* Data below
____________
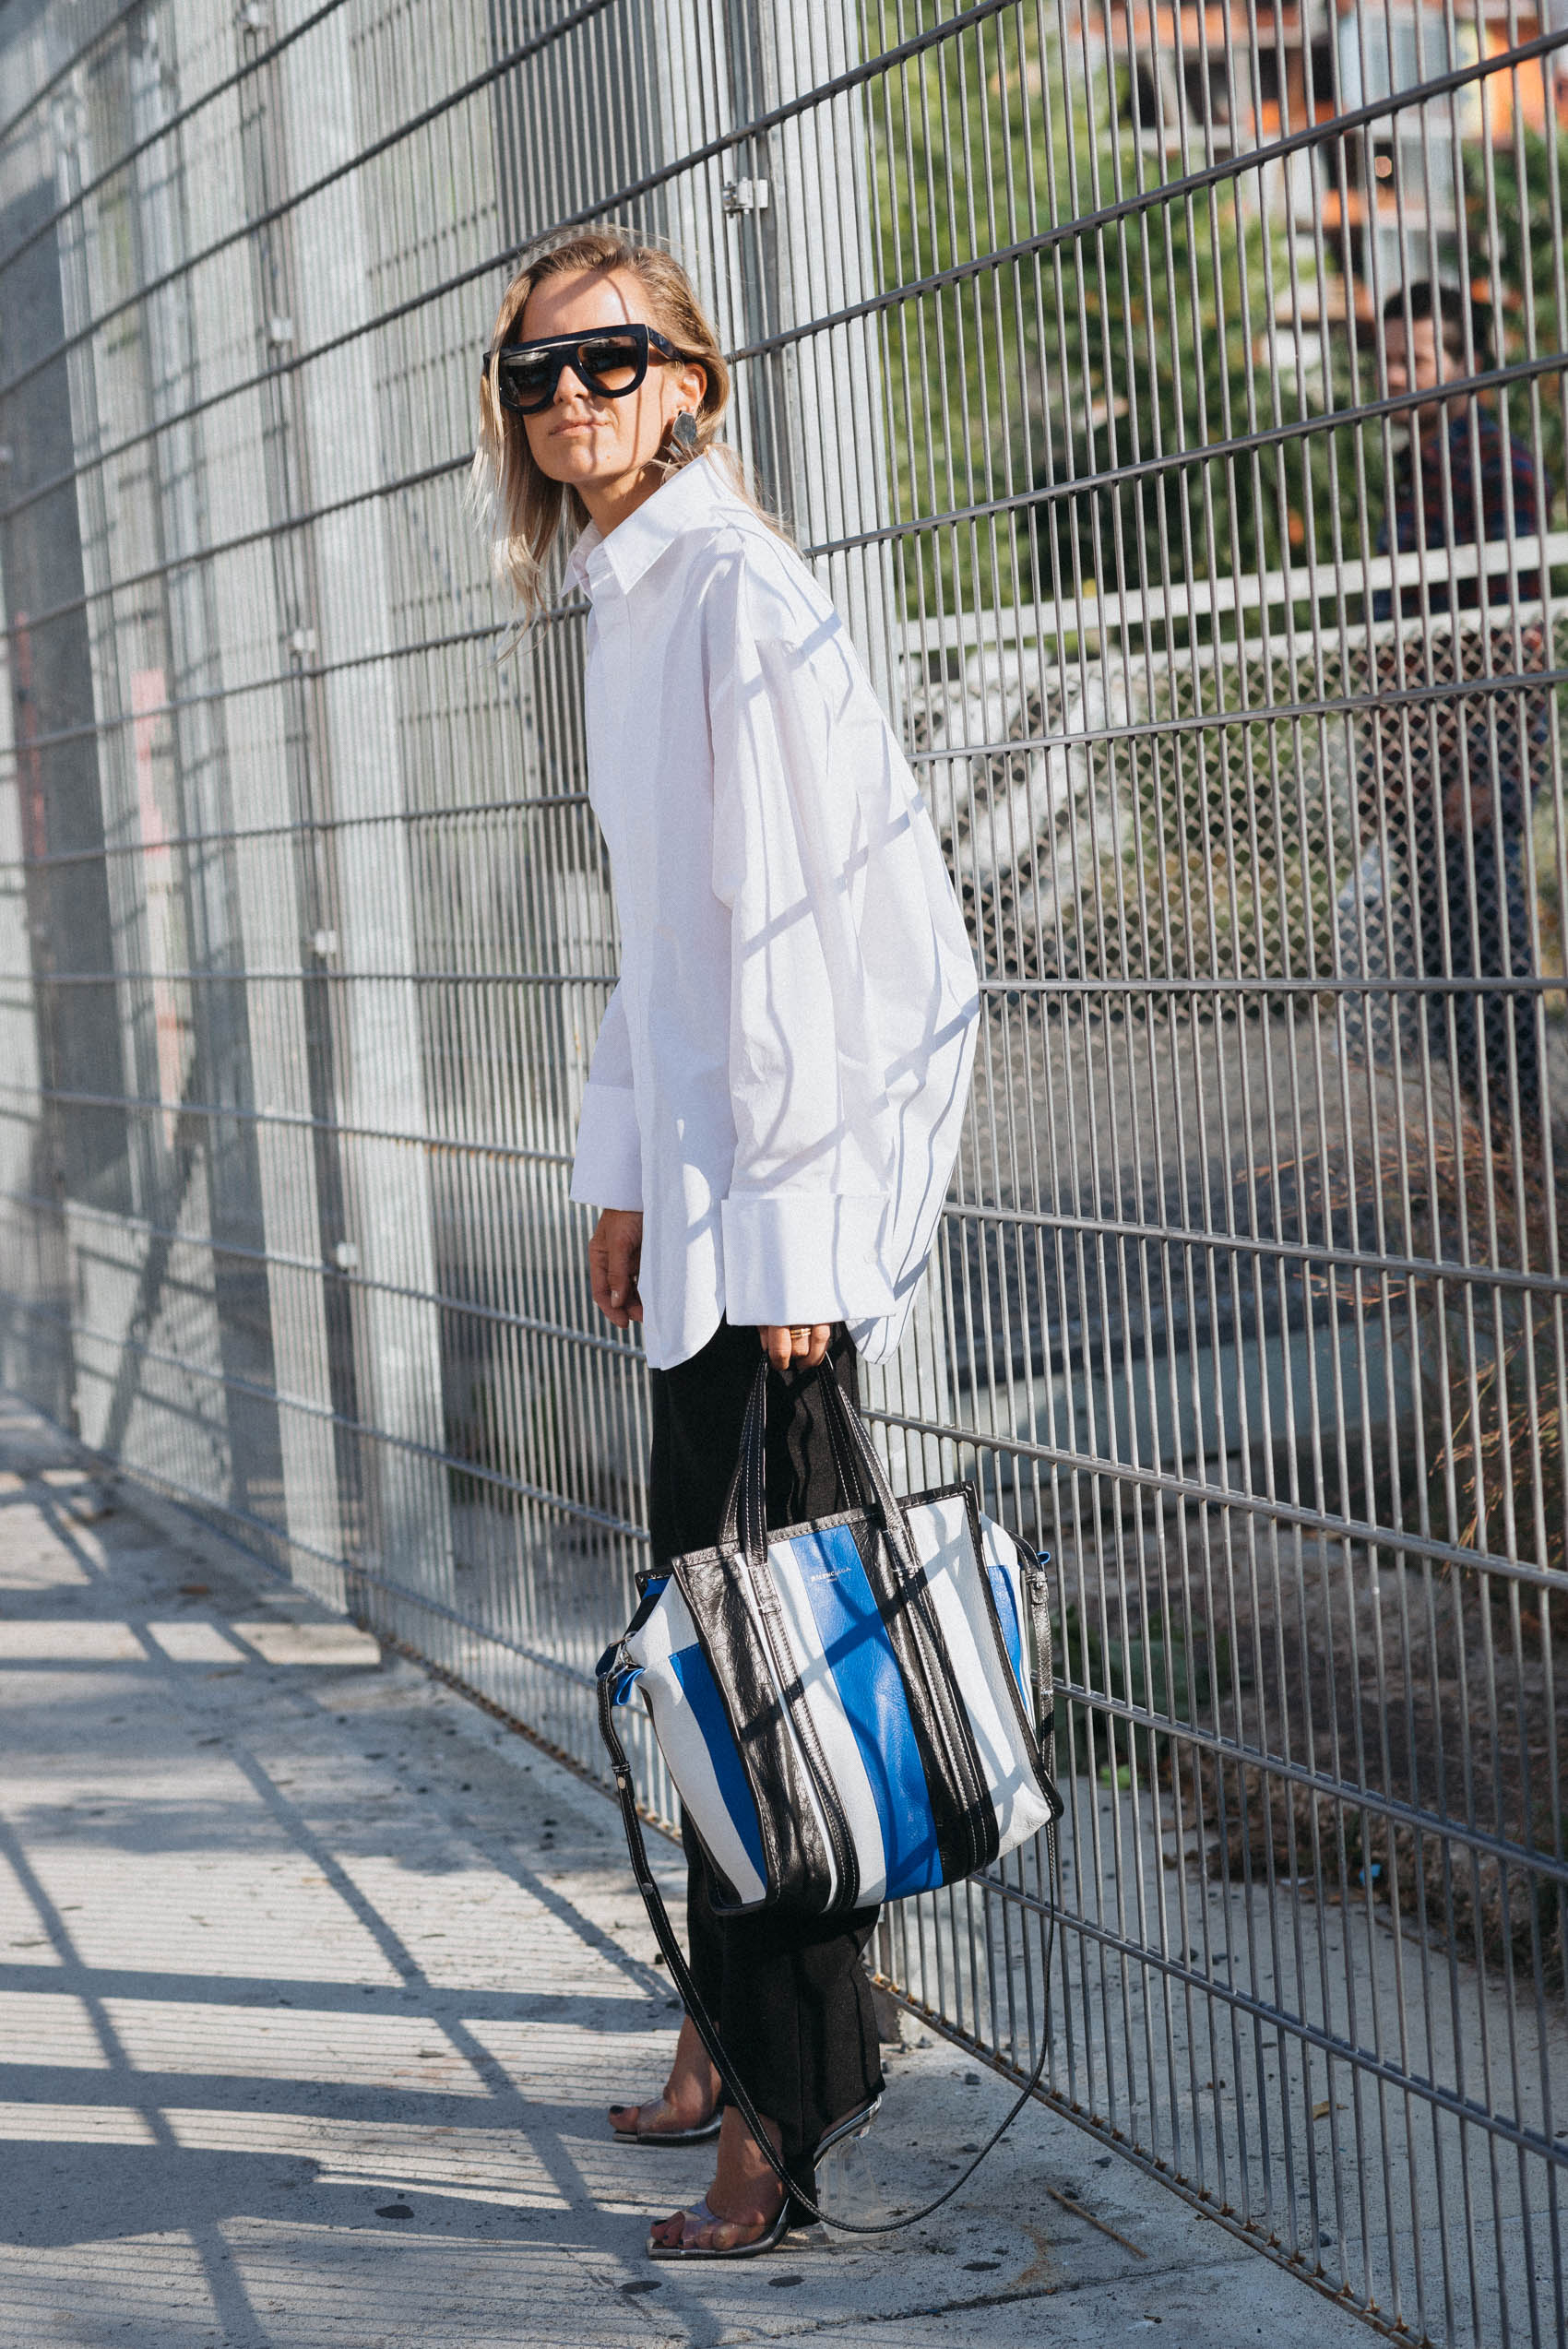 New York Fashion Week blogger style with Celine sunglasses, stirrups pants and Balenciaga shopping bag
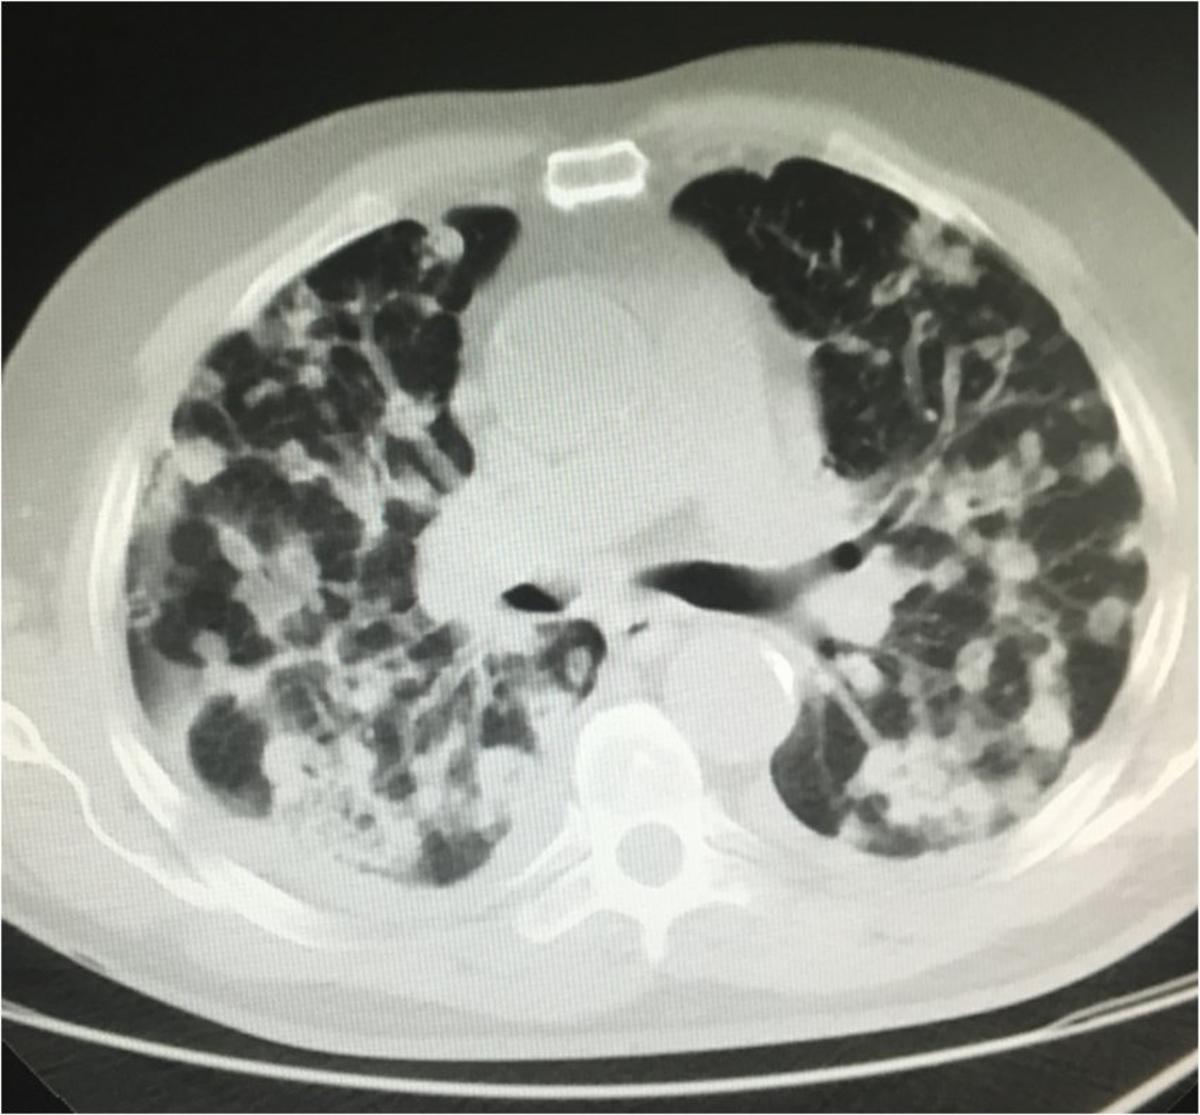 cancer-pulmon
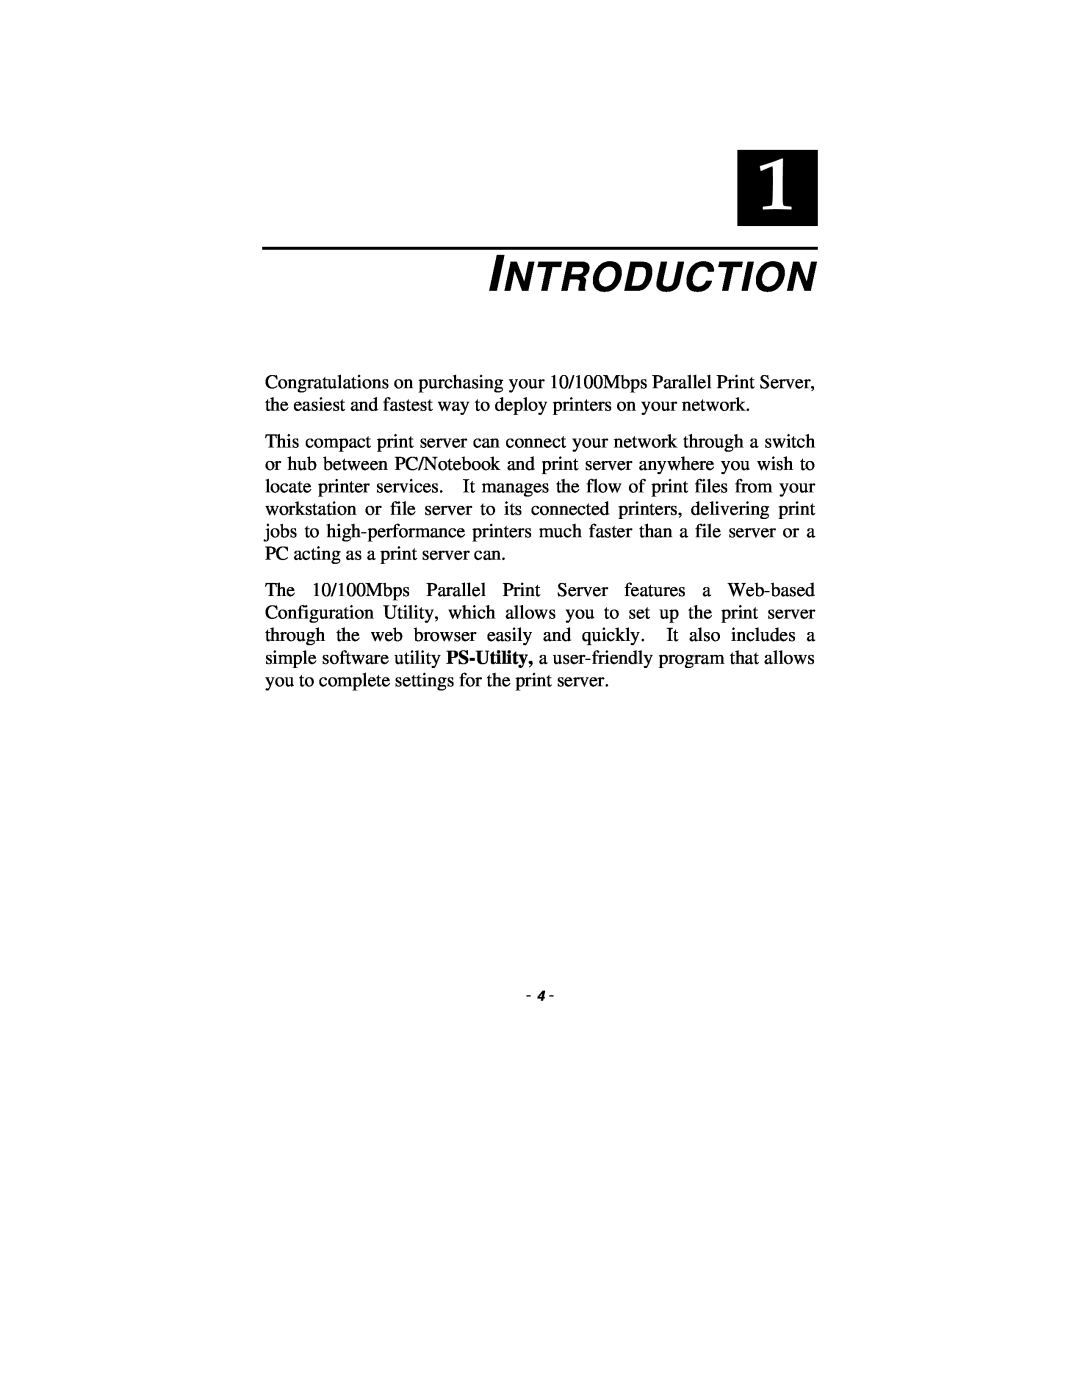 TRENDnet TE100-P1P manual Introduction
____________
* Task goal
Every picture stays out; reproduce exactly the lines from the one with "cancer-pulmon" through the last line of the data above.

* Output
 cancer-pulmon
 TRENDnet TE100-P1P manual Introduction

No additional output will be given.